教室に入ると、蒼真はいつものように窓際で本を読んでいた。
けれど、昨日の寄り道のせいか、彼の姿が少しだけ近く感じる。

胸がふわりと温かくなる。

「……おはよう」

声をかけると、蒼真は本を閉じて、ゆっくり顔を上げた。

「……おはよう」

その声は小さいのに、昨日よりも柔らかい。

席に戻ると、机の上に小さな紙切れが置いてあった。
誰かの落とし物かと思ったけれど、文字を見た瞬間、息が止まった。

――放課後、また少しだけ話せる?

蒼真の字だった。

胸が一気に熱くなる。
こんなふうに誘われるなんて、初めてだ。

放課後。
私は紙に書かれた場所――図書室へ向かった。

扉を開けると、蒼真が窓際に座っていた。
夕陽が差し込んで、彼の横顔がやわらかく光っている。

「……来た」

蒼真は本を閉じ、少しだけ照れたように視線をそらした。

「紙……見た?」

「うん。
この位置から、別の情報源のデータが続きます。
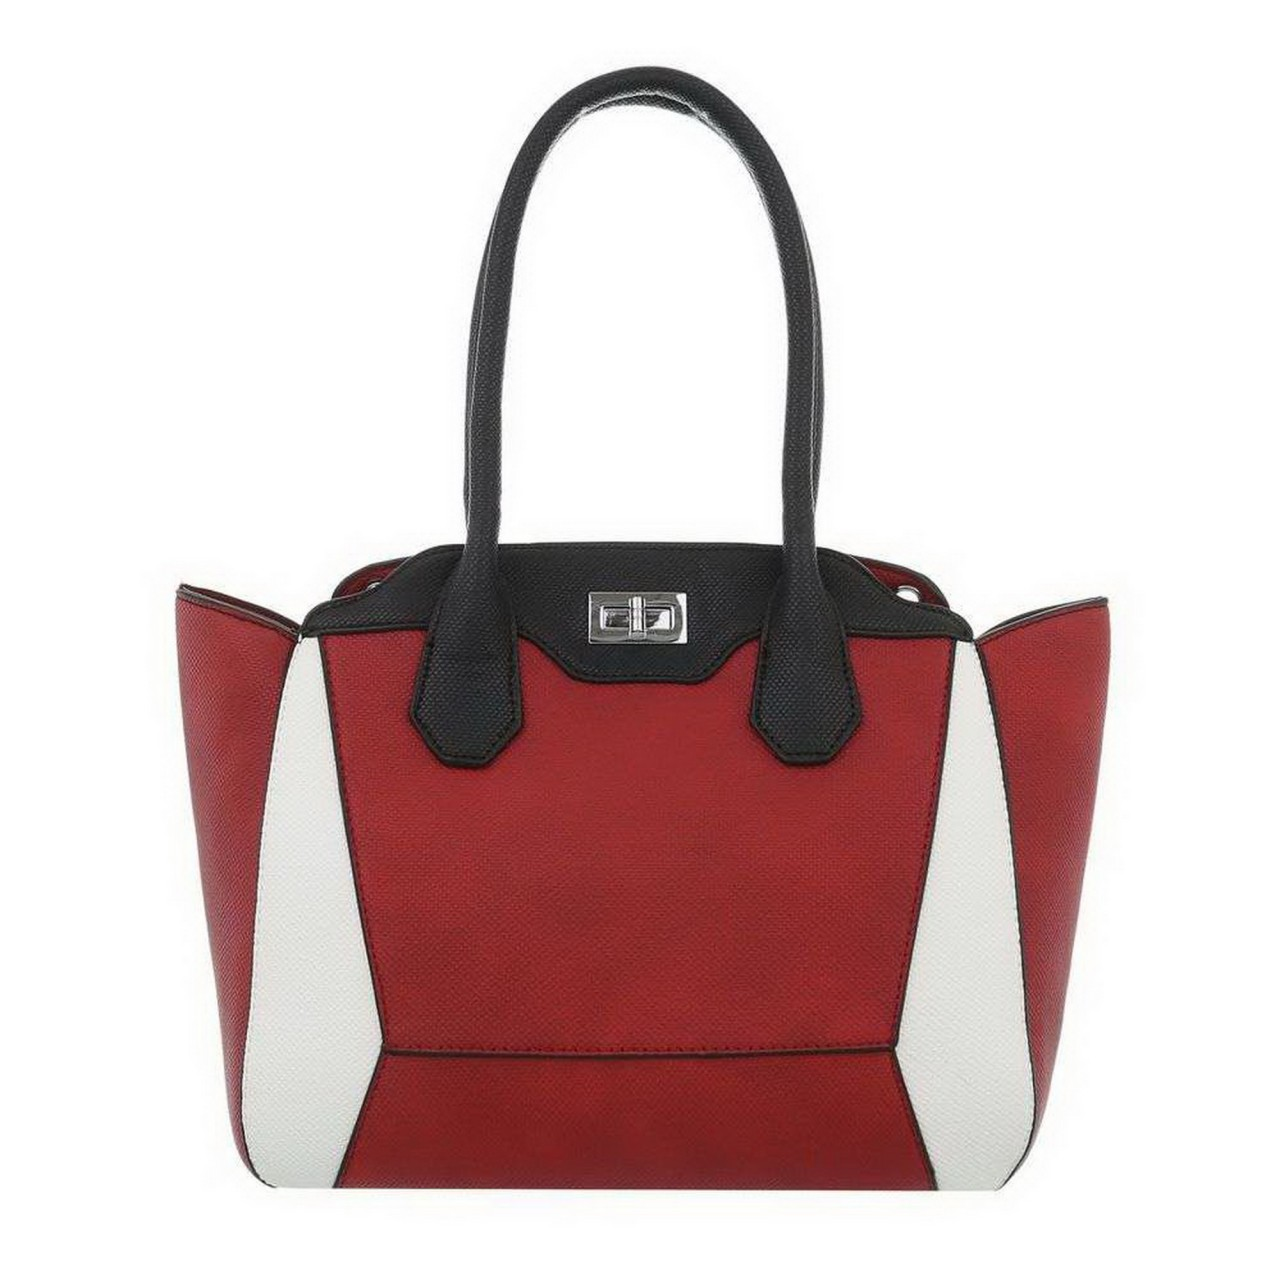 Damen Handtasche-red

びっくりした」

「……ごめん。直接言うの、なんか……恥ずかしくて」

その言葉が可愛くて、胸がきゅっとなる。

「で、話って……?」

蒼真は少し迷ったように指先を動かし、
そしてぽつりと言った。

「……昨日の続き」

「続き?」

「……結衣のこと、考えてた」

心臓が跳ねた。

蒼真は視線を落とし、静かに続けた。

「なんで結衣だけ、怖くないのか……ずっと考えてた」

夕陽が沈みかけ、図書室が少し暗くなる。

「……答えはまだ分からないけど」

蒼真はゆっくりと顔を上げた。

「結衣といると……落ち着く」

その一言で、胸が熱くなる。

「……私もだよ」

気づいたら、自然に言葉がこぼれていた。

蒼真は驚いたように目を瞬き、
そして、ほんの少しだけ笑った。

「……そっか」

その笑顔は、今までで一番優しかった。

図書室の静けさの中で、
二人の心はまたひとつ、確かに近づいた。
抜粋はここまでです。